I was already at the moment where they would hear my side. I explained everything to our adviser while my classmates were there, maybe listening also to my sentiments. But I promised myself not to cry while telling everything inside of me. What's wrong in demanding for myself for a new environment, anyway?

"Alesha?" Someone called me behind while I was quickly walking away from our room. Gosh, my tears were about to fall but good thing I was already outside, heading at the school gate for my way out.

"Alesha, wait." The second time I hear that from someone, I realized it's his voice I should not suppose to hear at this moment. He would worsen my mood right now if ever I would turn to him. So I walked still and ignored him in any way I could.

"Hey, Alesha. Wait!"

He abruptly grabbed my hand and so I resisted from his grip right away, but he was so naughty that he let me face in front of him by forcing my arm.

"Can we talk Ale---?"

"THERE'S NOTHING WE SHOULD TALK ABOUT, OKAY?!" Right away, I shouted at him while my eyes became widened. "LET GO OF ME! I SAID LET GO OF ME! CAN'T YOU HEAR ME?!"

"But we can talk about it. I'm so sorry for what happened. I was just then carried away by my emotions."

"WHATEVER EXPLANATION YOU SAID, I DON'T CARE ANYMORE HANKY! I DON'T CARE ANYMORE!" I shouted more, this time louder. The rooms nearby which classes were going on were stopped for a while and students came outside of their rooms to figure out the shouts they heard from. "I'M ALREADY TIRED! YOU KNOW, I'M TIRED ALREADY OF UNDERSTANDING YOU. I'M ALREADY TIRED OF DEALING WITH YOUR LOVE FOR ME IF IT'S STILL TRUE, IF STILL THERE IS."

"I'm sorry."

"SORRY FOR WHAT?! THAT'S JUST A SINGLE WORD THAT ANYONE CAN SAY EVEN WITHOUT A FAULT!"

"I'm sorry for hurting you."

"DO YOU THINK YOUR SORRY CAN TAKE AWAY ALL THE PAINS INSIDE OF ME?! DO YOU THINK IT CAN CHANGE EVERYTHING AND TURNED EVERYTHING LIKE BEFORE?!"

"What do you want me to do this time?"

"YOU CHOSE TO HURT ME, HANKY. YOU RUINED EVERYTHING FROM ME," with emphasis I said those words with full of my emotions I wanted him to feel too. "YOU CAN'T MAKE EVERYTHING FINE WHATEVER YOU WOULD PLAN TO DO. THE ONLY THING YOU CAN HELP ME FOR NOW IS TO LET ME GO."

Gosh, my heart is aching now. It's my fault why I remembered back all those, anyway.

While still remembering everything that happened to me in my later year in St.

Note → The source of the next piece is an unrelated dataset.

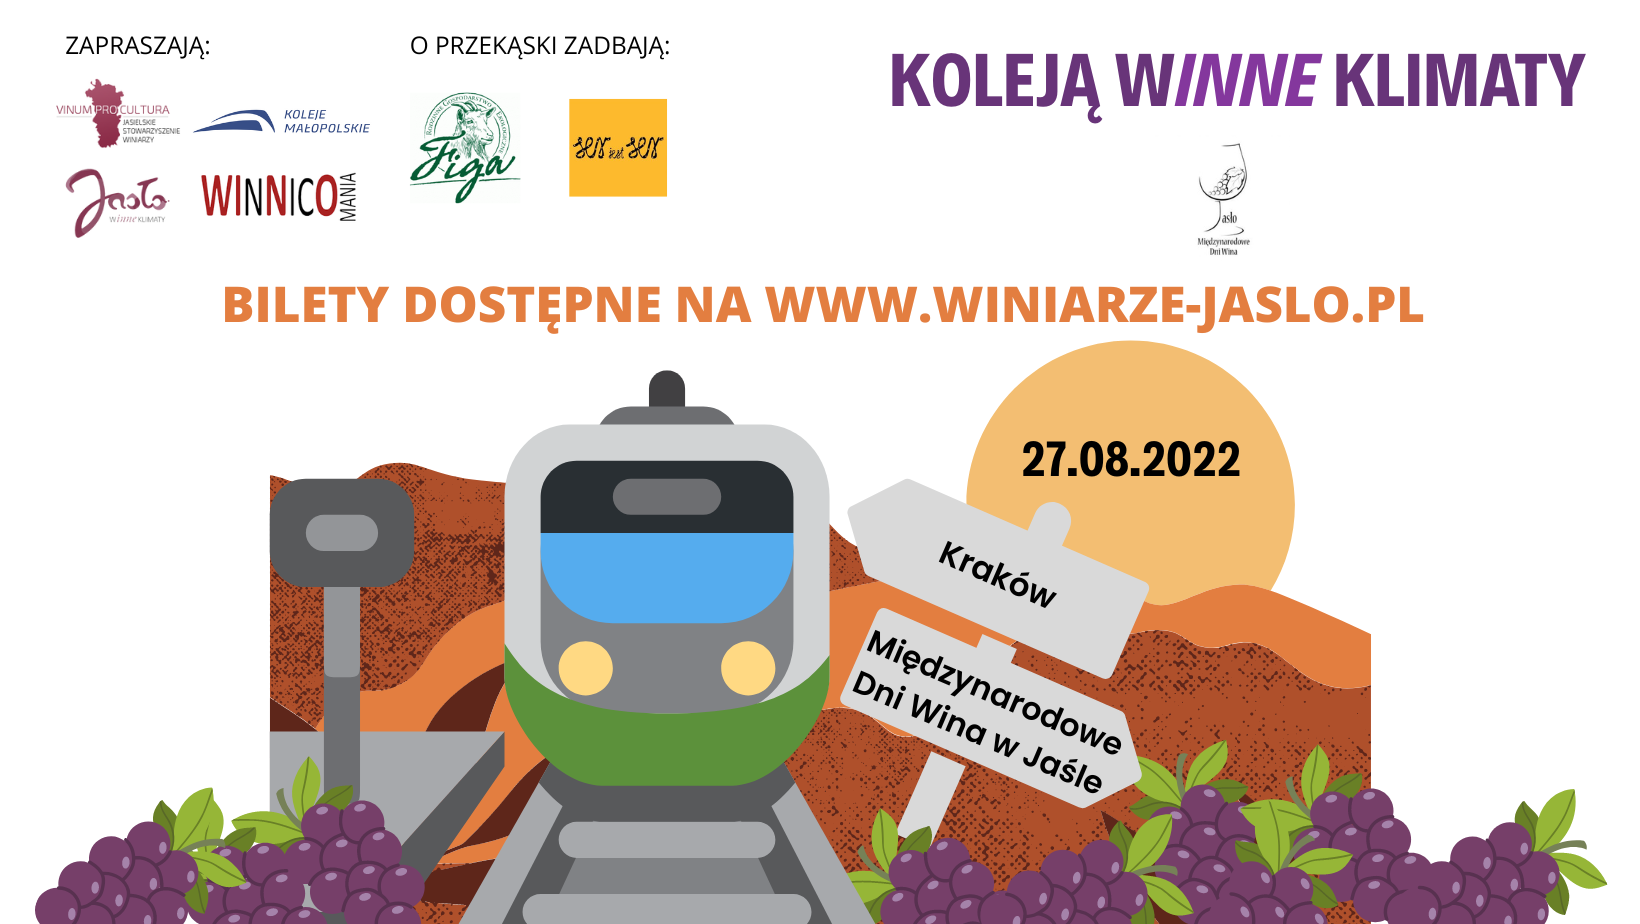 Pociąg Kraków - Międzynarodowe Dni Wina w Jaśle - Kraków "Koleją WInne klimaty"  – główne zdjęcie

Jude, I am so much in pain now that I can't bear to handle. I was crying and crying on my bed. It's so late at night and the silence reigns all over this place, so I find a hard time to cry silently. No, it won't help. I really have to cry hard to let my emotions out. My cries that has much regrets, I didn't know if am right then to flashback all of my painful memories that often haunt me up until now.

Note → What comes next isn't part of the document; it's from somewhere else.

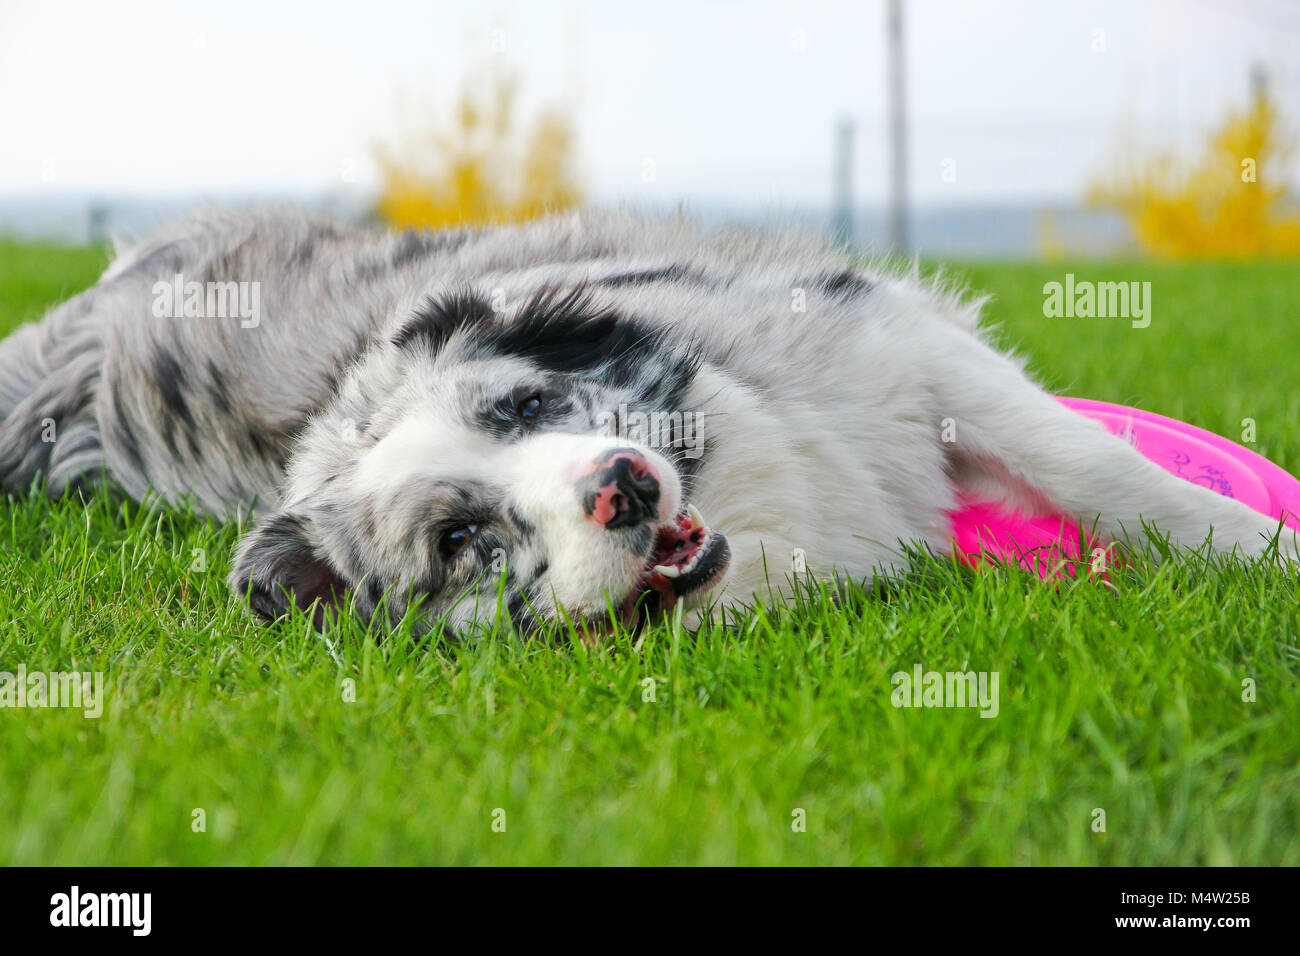 Un mignon jeune femelle berger australien est couché dans l'herbe et la tenue de son frisbee. Elle a l'air heureux et satisfaits. Banque D'Images

I am really hurt. A kind of hurt that any moment from now, I might explode. I'm already catching my breath while my tears were still rolling on my cheeks. I am very much wasted. So much in despair. I really wanted to take away the pain inside of me that seemed to be burden but I can't because that's the way how my heart feels right now.

"Hey, are you okay there?"

Oh no, it's my boardmate outside of my room.

"Y-yeah. Sorry for disturbing you. I'm just carried away of this tragic movie," I managed to say even if my nose is already clogged due to over crying. I hope he won't catch me lying so I play on my laptop of a sad song right away while searching on the folder of the list of movies.

"Ok. Good night."

I sigh while still sobbing silently.

Seriously, can I really have a good night right now before I fall asleep?